**How to complete this task**
Repeat what the lines below say, word for word, and skip every image.

**Dataset excerpt**
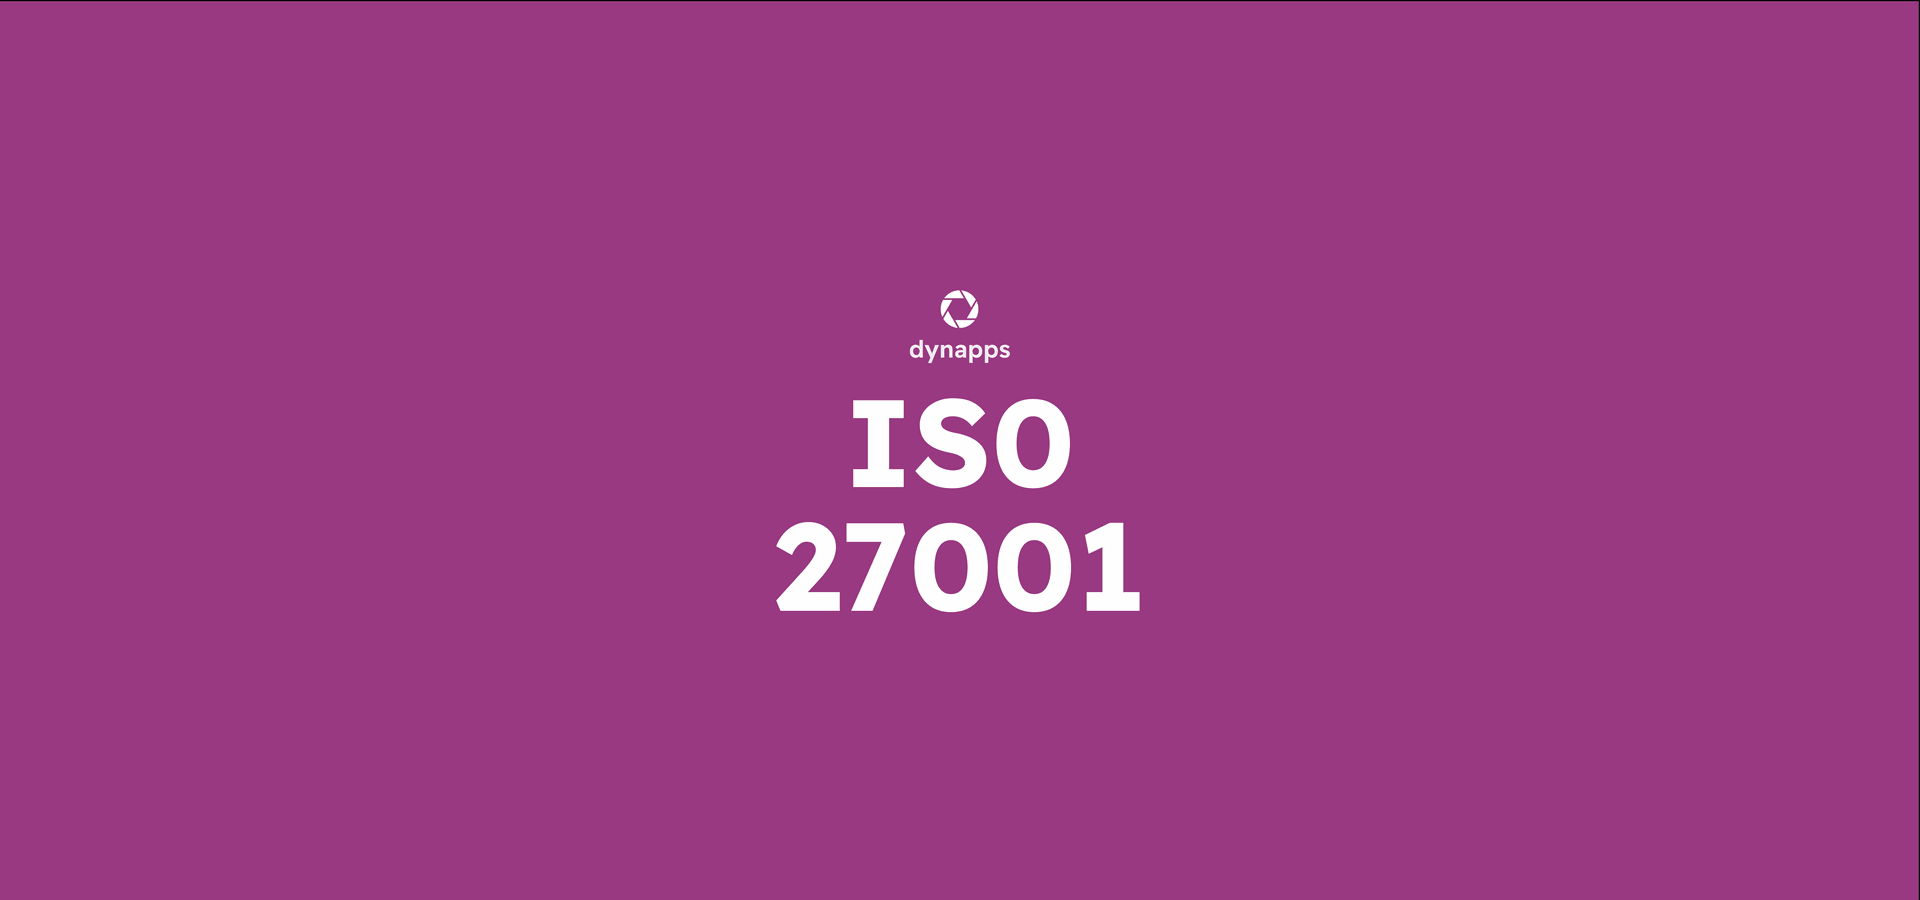 Dynapps obtains ISO 27001 certification
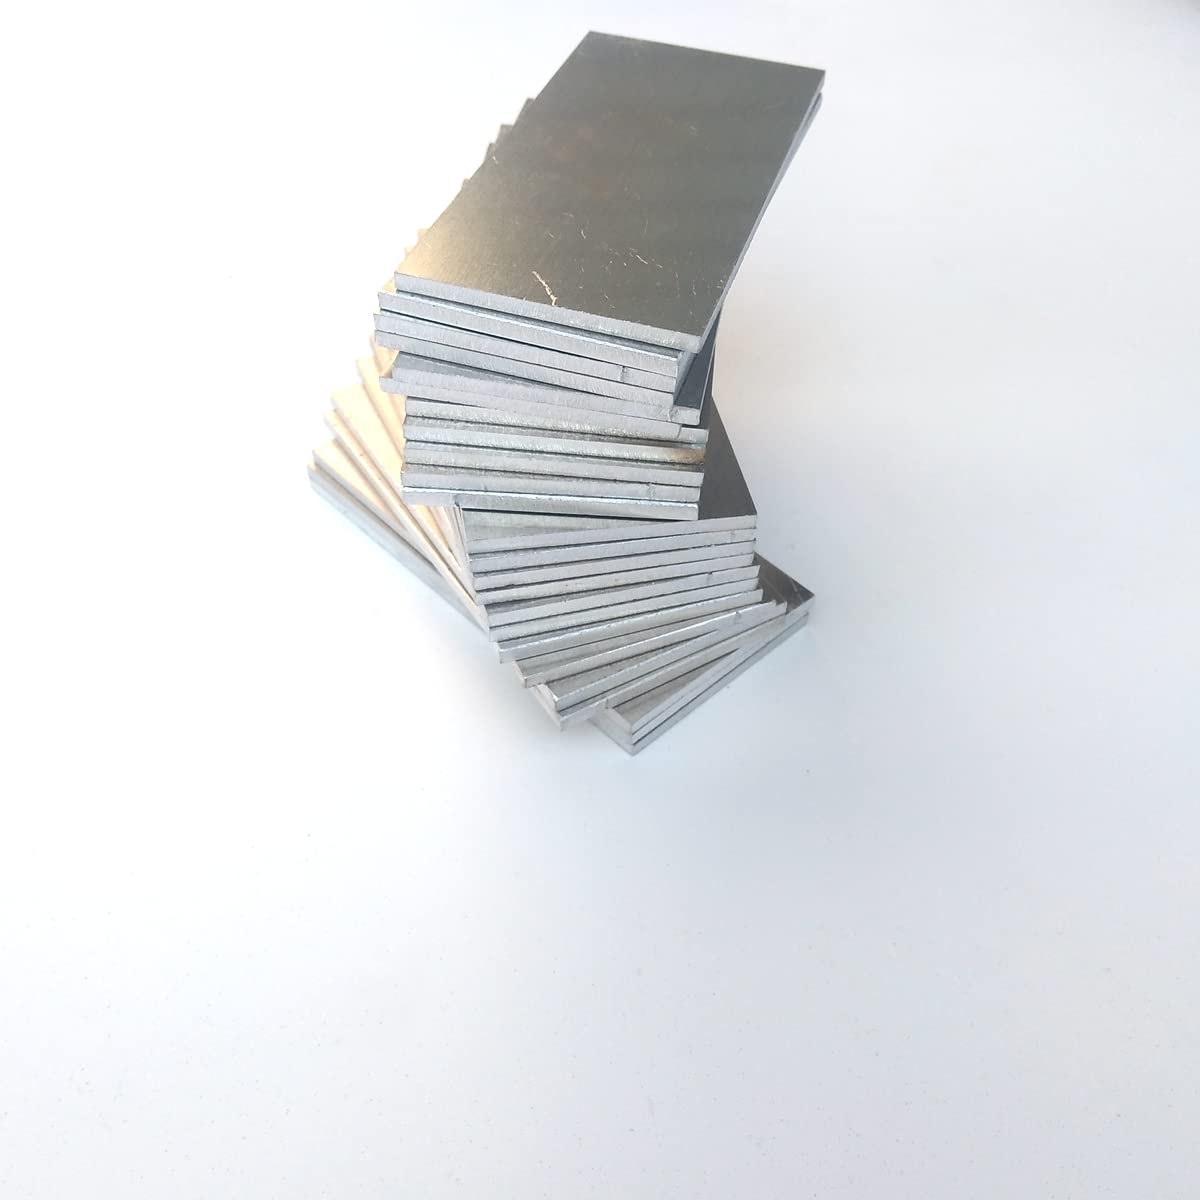 Biscuits Welding Practice Aluminum Parts- 5052 Aluminum - 2*4inch- 24Tablets-Very Suitable- Practice and Training for MIG, TIG, Stick, Arc, Gas and Brazing
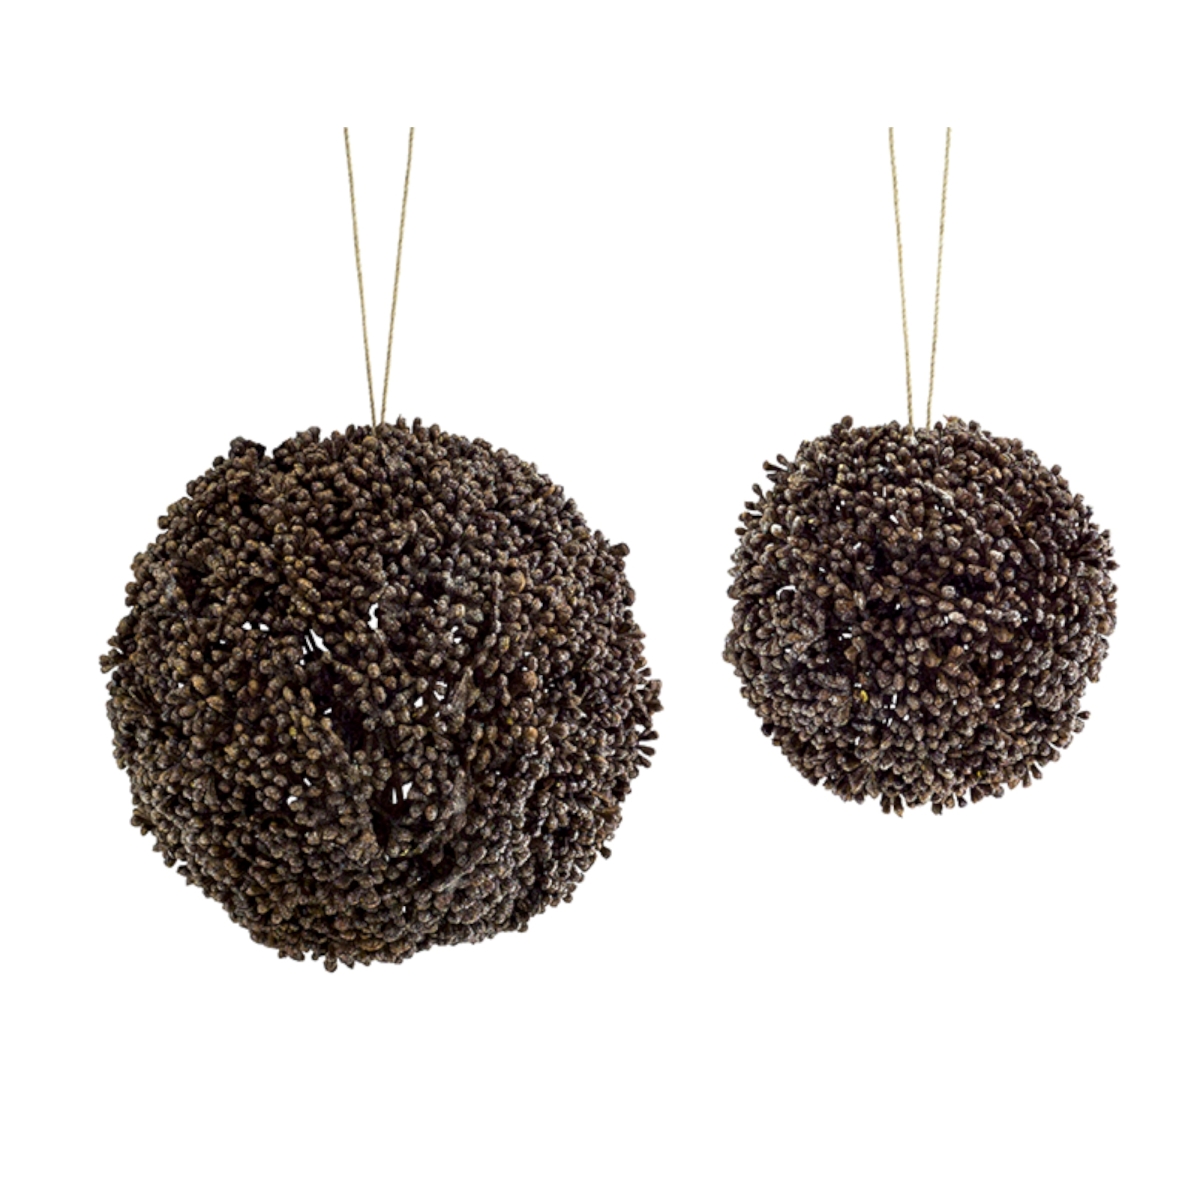 72950ds 5-6.5 In. Plastic Seeded Ornament, Brown - Set Of 8
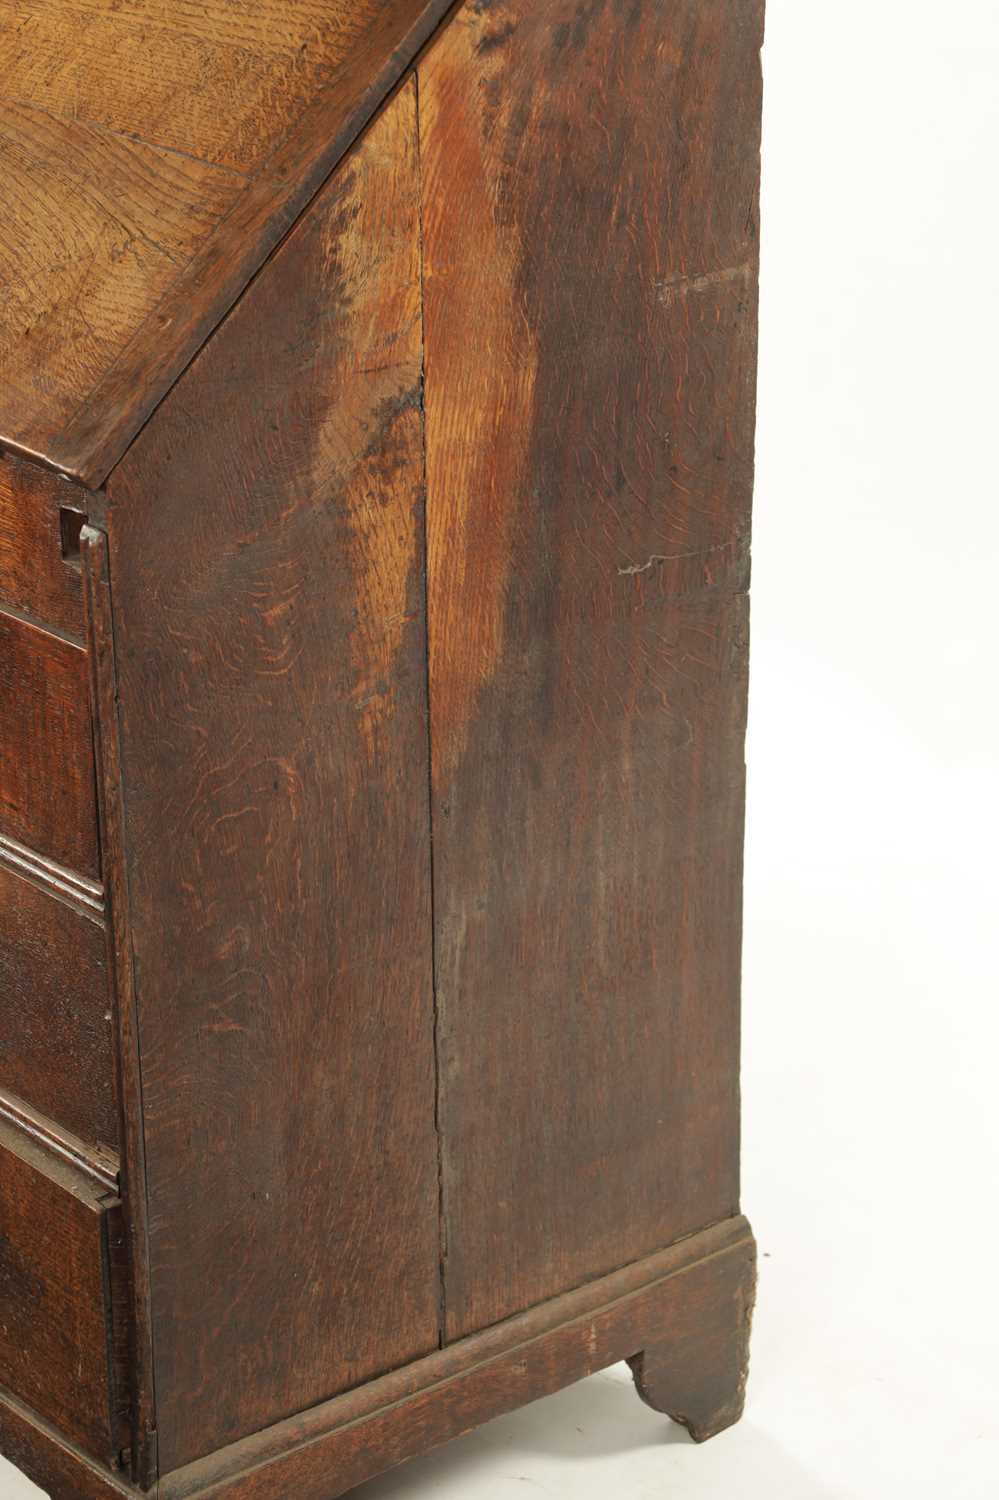 AN EARLY 18TH CENTURY FIGURED OAK COUNTRY MADE BUREAU - Image 11 of 11

**Solution to the problem**
 Dynapps obtains ISO 27001 certification
 Biscuits Welding Practice Aluminum Parts- 5052 Aluminum - 2*4inch- 24Tablets-Very Suitable- Practice and Training for MIG, TIG, Stick, Arc, Gas and Brazing
 72950ds 5-6.5 In. Plastic Seeded Ornament, Brown - Set Of 8
 AN EARLY 18TH CENTURY FIGURED OAK COUNTRY MADE BUREAU - Image 11 of 11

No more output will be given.